Tribunal Administratif de Toulon — Décision N° TA83-2301630

lundi 22 décembre 2025

JuridictionTribunal Administratif de Toulon
SectionTribunal Administratif de Toulon
N° DossierTA83-2301630
TypeDécision
RecoursPlein contentieux
PublicationC
Formation4ème chambre

Résumé IA

Le Tribunal Administratif de Toulon a rejeté la demande de la SELAS Patrick Georges et Associés, qui contestait des rappels de taxe sur la valeur ajoutée (TVA) pour les années 2019 et 2020. La société invoquait une irrégularité de procédure, faute de débat oral et contradictoire, mais le tribunal a jugé qu'elle n'apportait pas la preuve que le vérificateur s'y serait refusé. Sur le fond, les explications fournies par la société pour justifier que certains encaissements n'étaient pas soumis à la TVA (remboursement de client, apports, virements de clients étrangers) ont été écartées comme non étayées. La solution retenue est le rejet de la requête, fondée sur les articles L. 13 du livre des procédures fiscales et 99 du code général des impôts.

Texte intégral

Vu la procédure suivante :

Par une requête enregistrée le 26 mai 2023, la société d’exercice libéral par actions simplifiée (SELAS) Patrick Georges et Associés demande au tribunal :

1°) de prononcer la décharge des rappels de taxe sur la valeur ajoutée et des pénalités correspondantes qui lui ont été réclamées au titre de la période du 1er janvier 2019 au 31 décembre 2020 ;

2°) de mettre à la charge de l’Etat les frais exposés au cours de l’instance et non compris dans les dépens sur le fondement de l’article L. 761-1 du code de justice administrative.

Elle soutient que :
- la procédure d’imposition est entachée d’irrégularité ; d’une part, en dépit d’une comptabilité probante et des déclarations déposées régulièrement, le service a renversé la charge de la preuve et il n’a pas motivé la taxation des crédits encaissés ; d’autre part, alors que la société est soumise au secret professionnel, le service vérificateur n’a pas engagé un véritable débat oral et contradictoire sur ce point ;
- le montant de la taxe sur la valeur ajoutée (TVA) collectée omise, qui a été rectifiée, est contesté ; au titre de l’année 2019, il convient de corriger l’écart constaté par le service de 5 121,90 euros entre le total du chiffre d’affaires déclaré comme taxé (24 252 euros) et le total des encaissements considéré comme soumis à la TVA (29 373 euros) dès lors que les encaissements intervenus le 16/1 (1 000 euros) et le 31/10 (4 650 euros) correspondent au remboursement d’un client et à un apport ; pour information, le rapprochement de la TVA rappelée corrigée avec la TVA à régulariser en comptabilité est d’un montant presque identique ; au titre de l’année 2020, la lecture de l’enregistrement en comptabilité des encaissements montre que certains crédits ne sont pas taxables pour un montant total de 10 674,49 euros : le montant de 3 000 euros au 30/01 correspond à une avance du père du dirigeant, sachant qu’un dépôt de 6 500 euros provenant de la même origine n’a pas été taxé sur l’exercice précédent, le montant de 1 500 euros au 25/06 correspond au virement d’un client suisse, le montant de 3 000 euros au 6/10 est issu d’un dépôt en espèces d’une entreprise cliente luxembourgeoise, le montant de 3 000 euros au 2/10 résulte d’un dépôt en espèces d’une entreprise cliente slovène, soit une TVA collectée de 1 779 euros ; par suite, l’écart constaté par le service de 13 366 euros entre le total du chiffre d’affaires déclaré comme taxé (19 079 euros) et le total des encaissements considéré comme soumis à la TVA (32 445 euros) doit donc être réduit à 11 587 euros ; l’administration fiscale n’établit pas que ces crédits seraient taxables.

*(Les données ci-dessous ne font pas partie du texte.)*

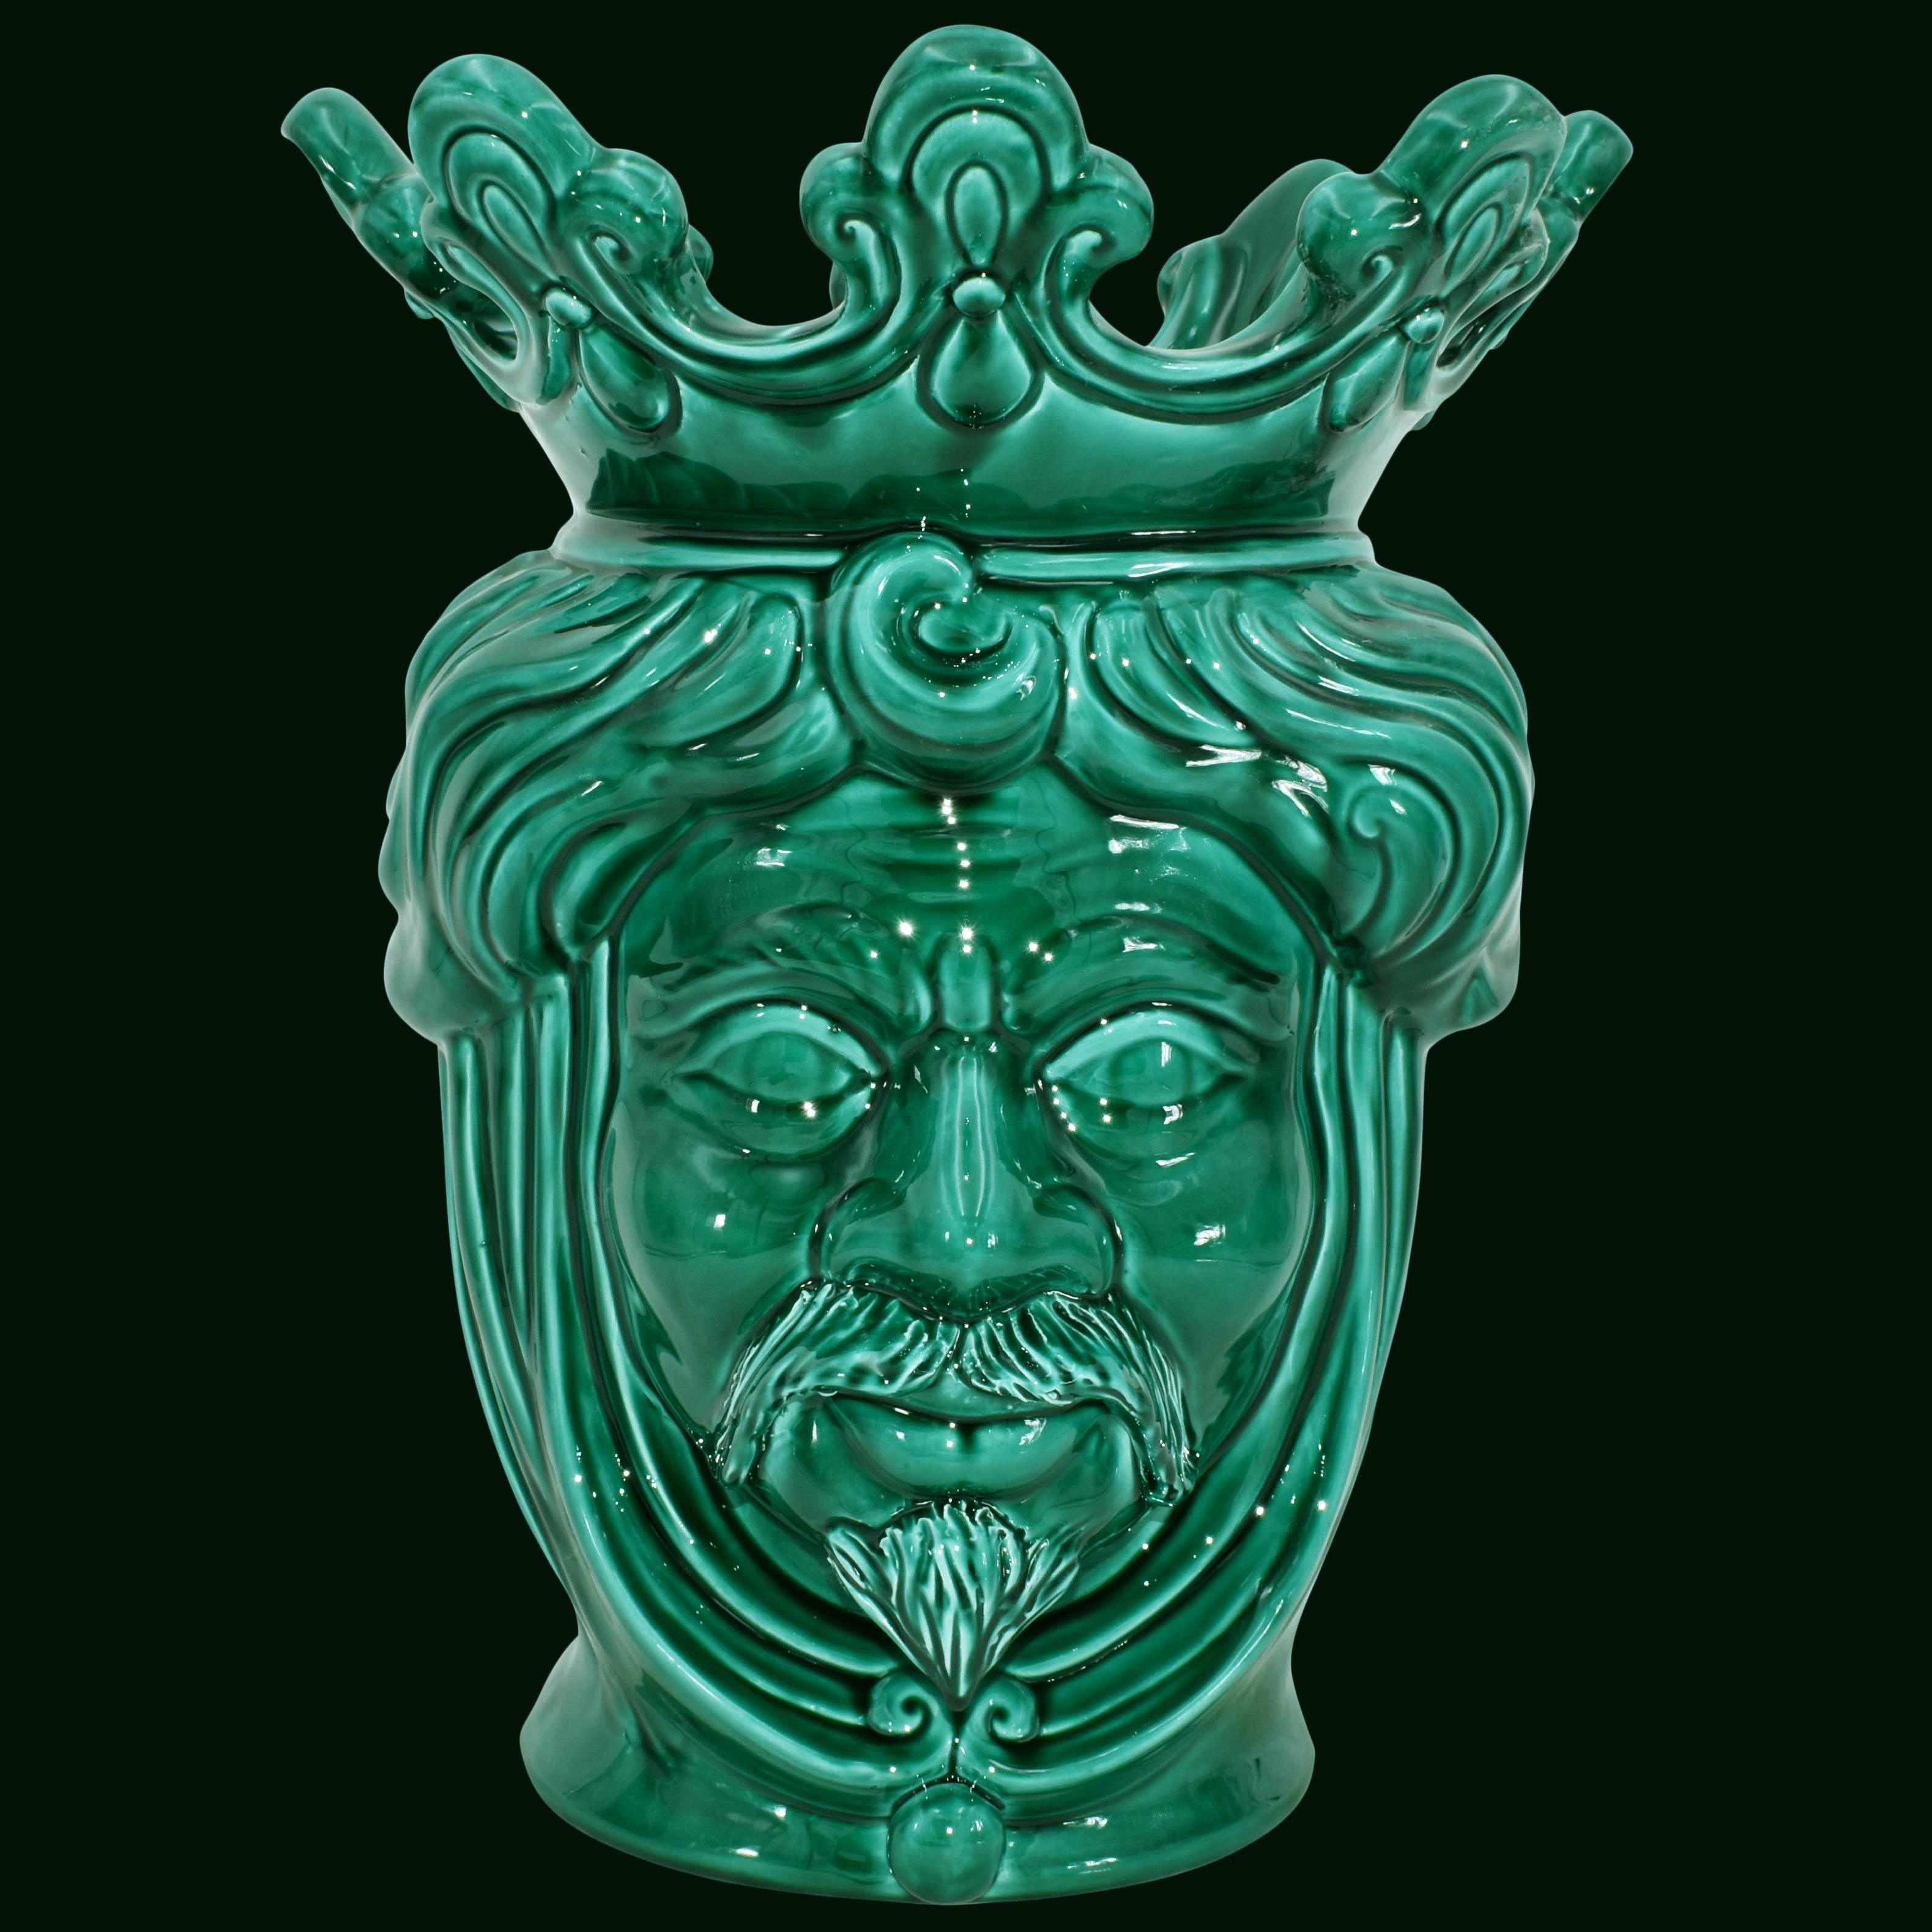 Testa h 40 liscia verde smeraldo maschio - Ceramiche di Caltagirone Sofia

Par un mémoire en défense enregistré le 26 août 2024, le directeur départemental des finances publiques du Var conclut au rejet de la requête.

Il fait valoir que les moyens soulevés dans la requête ne sont pas fondés.

Vu les autres pièces du dossier.

Vu :
- le code général des impôts et le livre des procédures fiscales ;
- le code de justice administrative.

Les parties ont été régulièrement averties du jour de l’audience.

Ont été entendus au cours de l’audience publique du 1er décembre 2025 :

- le rapport de M. Riffard,
- et les conclusions de Mme Duran-Gottschalk, rapporteure publique.


Considérant ce qui suit :

1. La SELAS Patrick Georges et Associés, qui exerce une activité d’avocat fiscaliste, a fait l’objet d’une vérification de comptabilité portant sur la période du 1er janvier 2019 au 31 décembre 2020 à l’issue de laquelle des insuffisances de taxe sur la valeur ajoutée collectée à hauteur de 5 122 euros pour l’année 2019 et de 13 704 euros pour l’année 2020 ont été constatées. Par une proposition de rectification du 26 avril 2022, le service lui a notifié des rappels de taxe sur la valeur ajoutée au titre des périodes considérées, établis selon la procédure de rectification contradictoire et assortis de l’intérêt de retard et de la majoration de 40 % prévue par l’article 1729 du code général des impôts. A la suite des observations du contribuable, les rappels de taxe sur la valeur ajoutée visant l’année 2019 ont été maintenus et ceux afférents à l’année 2020 limités à la somme de 13 366 euros par lettre du 16 août 2022. Sa réclamation du 9 janvier 2023 ayant été rejetée par décision expresse du 7 mars 2023, la société demande au tribunal de prononcer la décharge des rappels d’imposition restant à sa charge, en droits et pénalités, mis en recouvrement le 25 novembre 2022.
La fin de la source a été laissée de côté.